━━ Dataset excerpt
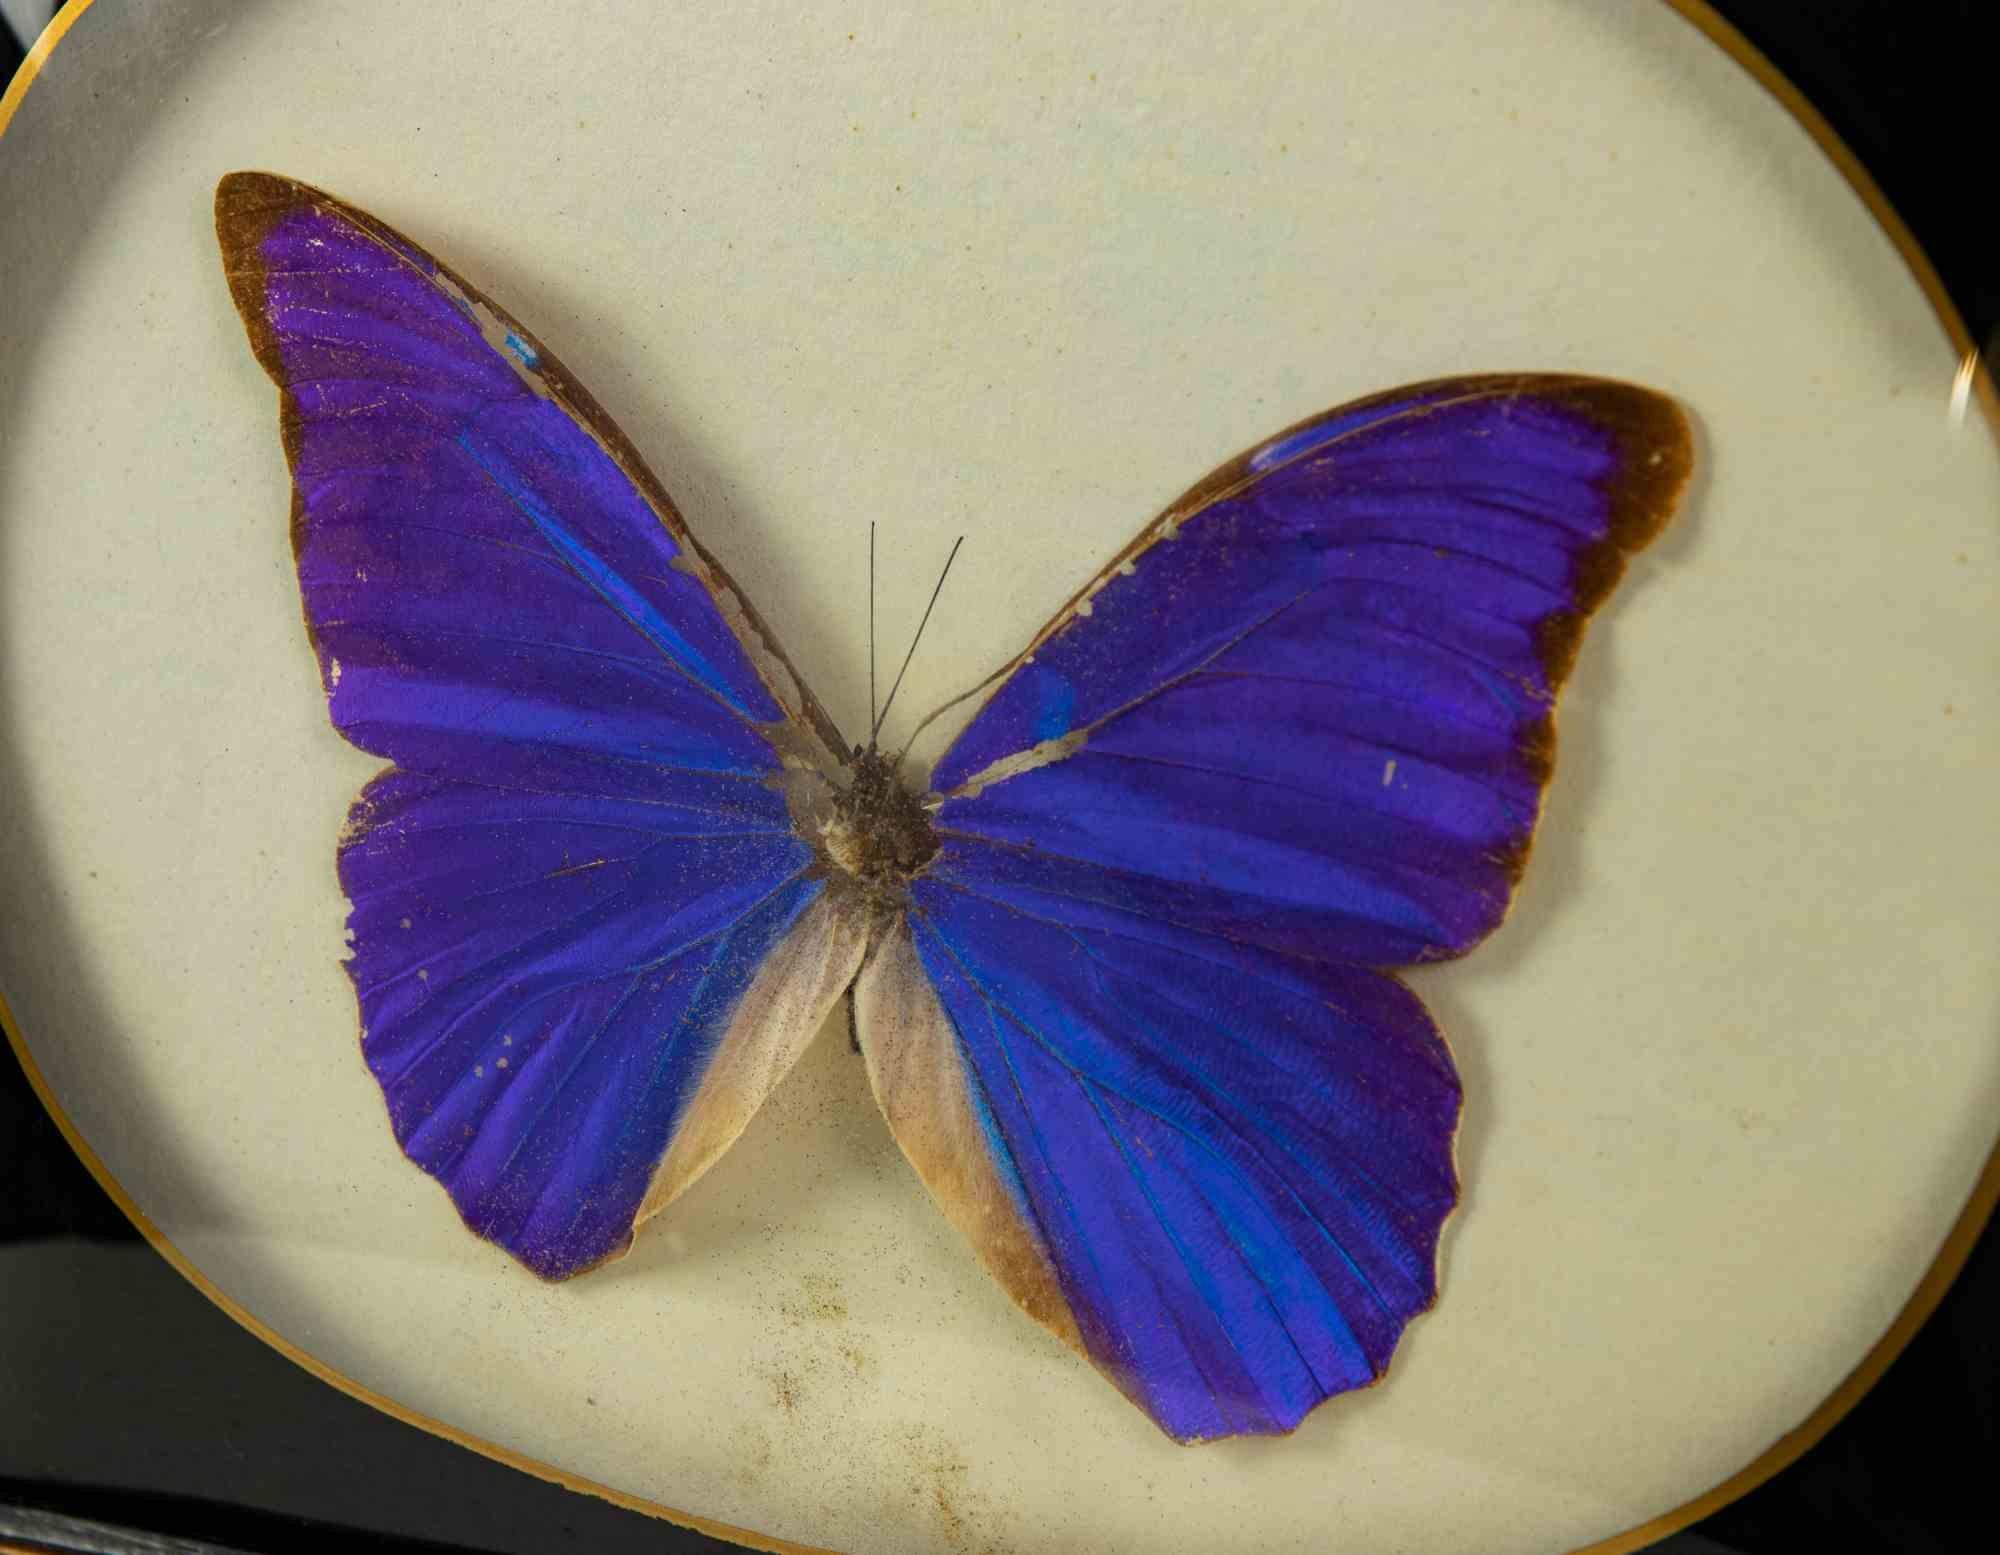 Morphos anassibia est un papillon embaumé empaillé dans un cadre. 

Espèce Morphos anassibia bleu.

19,5 x 25 cm.

Très bonnes conditions !
━━━━
The response should hold only an exact repeat of the lines from the one with "Espèce Morphos anassibia bleu." to the final line of the listing above.

Espèce Morphos anassibia bleu.

19,5 x 25 cm.

Très bonnes conditions !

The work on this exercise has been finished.